3. Baud rates higher than 300

   The Kansas City Standard specifies an operating speed of 300
   baud. A common modification by users was to increase the speed
   to 600 baud or higher. This was achieved by either doubling the
   tone frequency or halving the cycles per bit.

   The KCS utility can only decode/encode higher baud rates which
   use the latter method.

4. CUTS format

   The CUTS format was created by Processor Technology Corp.
   and was meant to be "upward compatible" with the Kansas City
   Standard. Many Processor Technology program tapes were
   recorded using 300 baud Kansas City Standard on one side and
   1200 baud CUTS on the other.

   Technically, the CUTS format is similar to the Kansas City
   Standard but uses a 1/2 cycle of 600 Hz to represent a '0' bit
   and 1 cycle of 1200Hz to represent a '1' bit.  The data rate
   is 1200 bits per second. The serial format is one start, 8
   data, two stop bits, no parity.

   An external utility SOLENT is available which will convert
   CUTS binary program files produced by KCS to text form
   suitable for loading into a PT computer or emulator.
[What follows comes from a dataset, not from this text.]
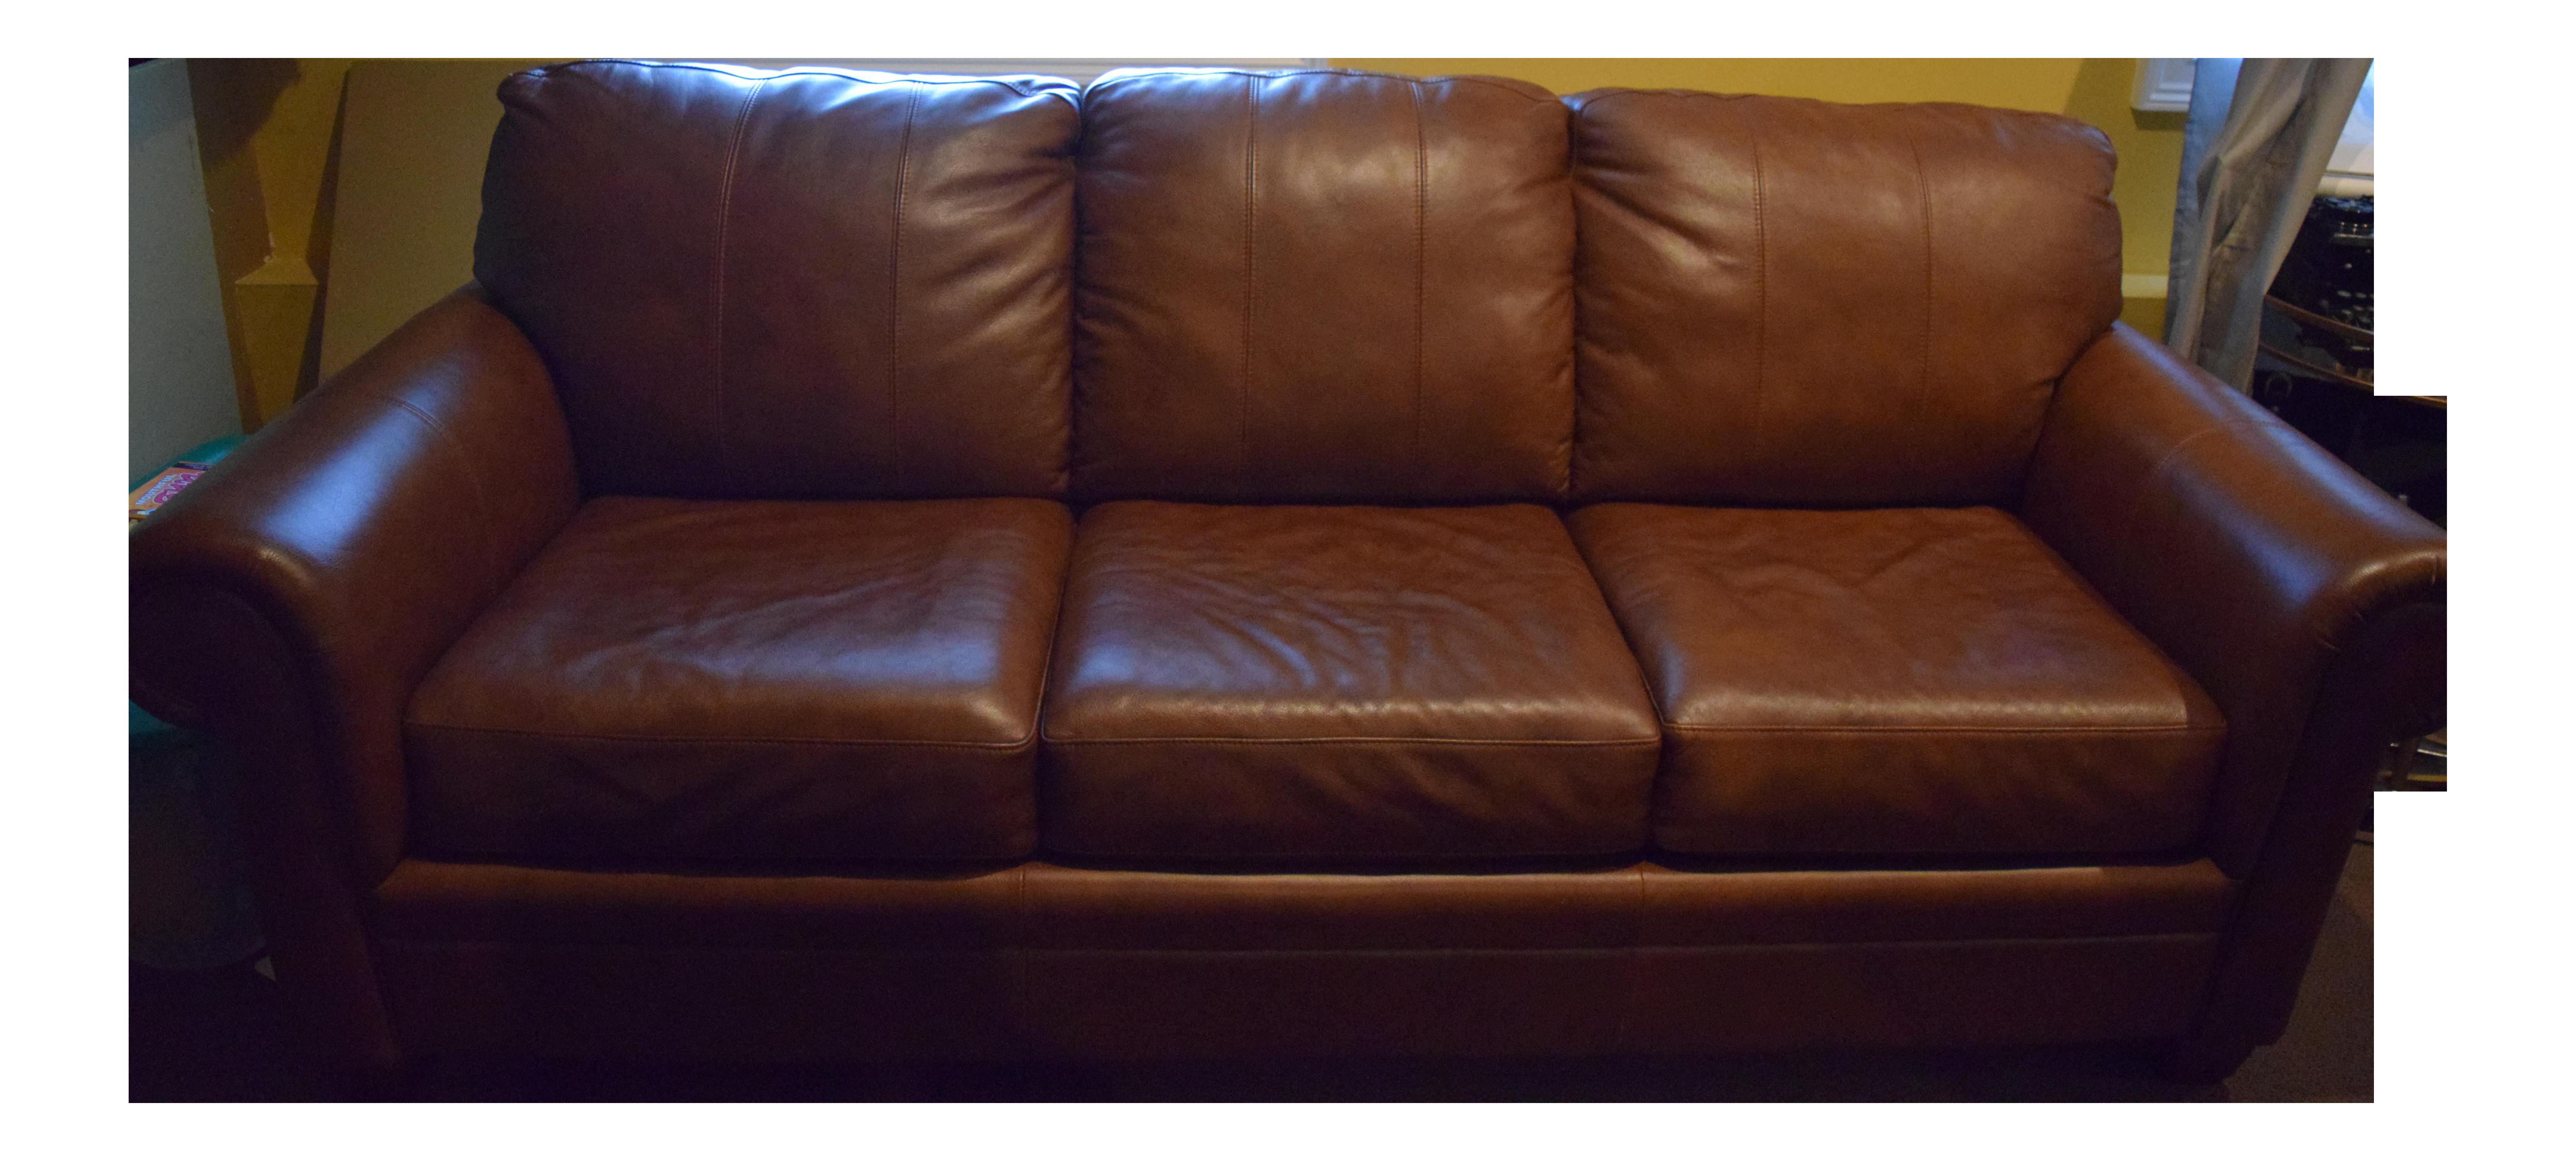 Ethan Allen Brown Leather Sleeper Sofa   Queen Coil U0026 Foam Mattress, Saddle  Brown | Chairish
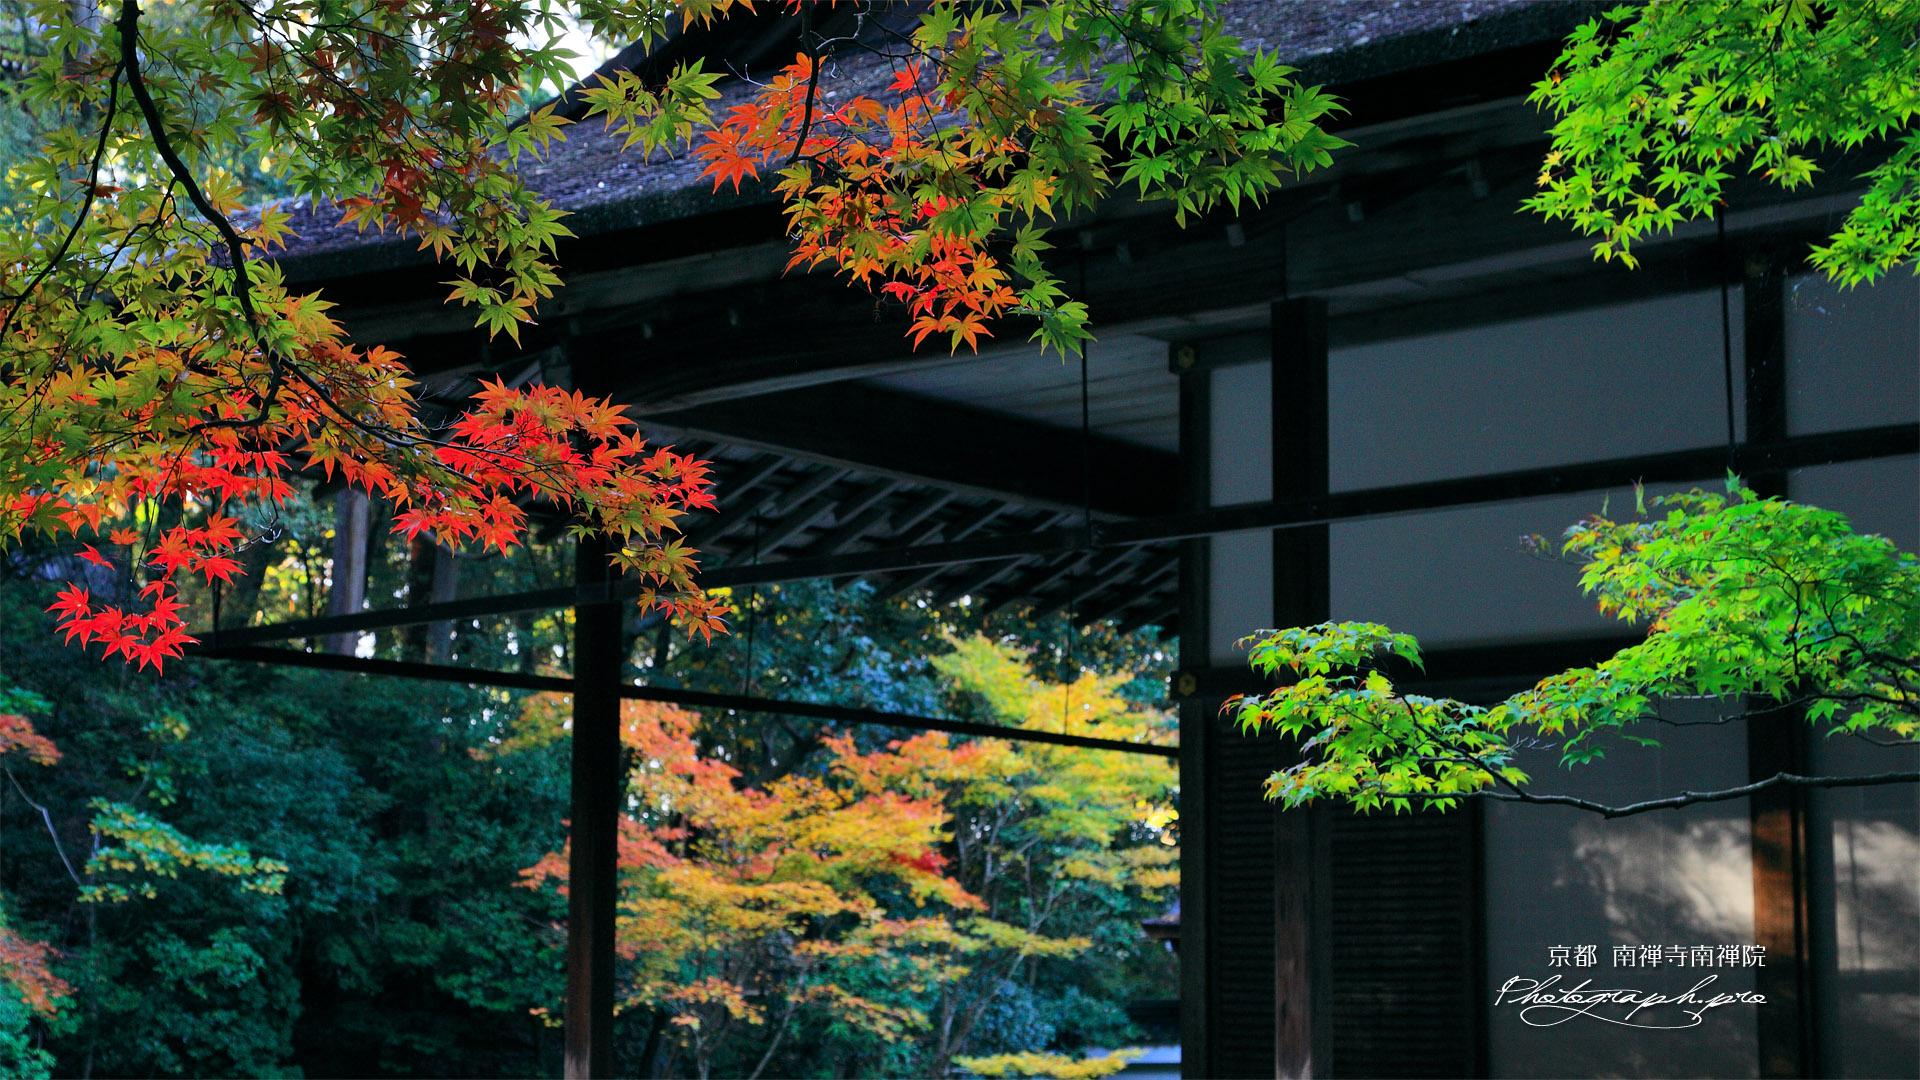 南禅寺南禅院 初紅葉と方丈

5. Phase distortion issues

   All audio cassette players include 120 uS tape equalization
   during replay - a side effect of which is the creation of
   phase distortion. While this is inaudable to the ear, it can
   affect computer program data. To counter this, many computer
   cassette interfaces included phase precompensation in the
   audio output.

   Some computers did not include phase precompensation. The
   reason why this did not adversely affect performance was
   either 1) very low baud rate or 2) a phase-locked loop was
   used for decoding which is relatively insensitive to phase
   distortion anyway.

   A wavefile with phase distortion can sometimes be corrected
   sufficiently to allow decoding with KCS. To do this you
   need a wavefile editor that can apply low-pass or high-pass
   filtering (which one works will need to be determined by
   experiment). The filter frequency should be set to approx
   1KHz with a 6dB per octave roll-off.

   Note: The wavefiles produced by KCS are precompensated
   (square wave only) and therefore suitable for recording to
   cassette.

6. Minidisc, MP3 and other "lossy" audio formats

   These formats were intended for music and voice use only.
   Do not use them to compress or store computer data wavefiles!
   They use lossy compression methods which can introduce enough
   distortion to make subsequent decoding of program data
   impossible.

   Note: Wavefiles produced by KCS compress extremely well when
   archived using ZIP etc. Not only is there no loss of signal
   quality, the compression is far superior than that obtained
   by storing on Minidisc or as an MP3 wavefile.

7. Limitations

   KCS is not very tolerent to phase shift distortion and there
   may be occasions where some tapes which work fine on your
   computer simply won't decode using the utility. See section 5
   for further details.

8. References

   The decoding algorithm is derived from that found in Wouter Ras'
   ATOMTAPE utility. (www.homepages.hetnet.nl/~wouterras/atom.htm)

9. History

   0.4   Included Processor Technology CUTS tape format
   0.5   Fixed sine tone option for CUTS mode
   0.6   Re-organised interface. Many options have been changed
         and decoding is now the default mode. Added parity and
         7 bit data options.
   0.7   Decoder changed to give better results with marginal
         tapes. Added timing control.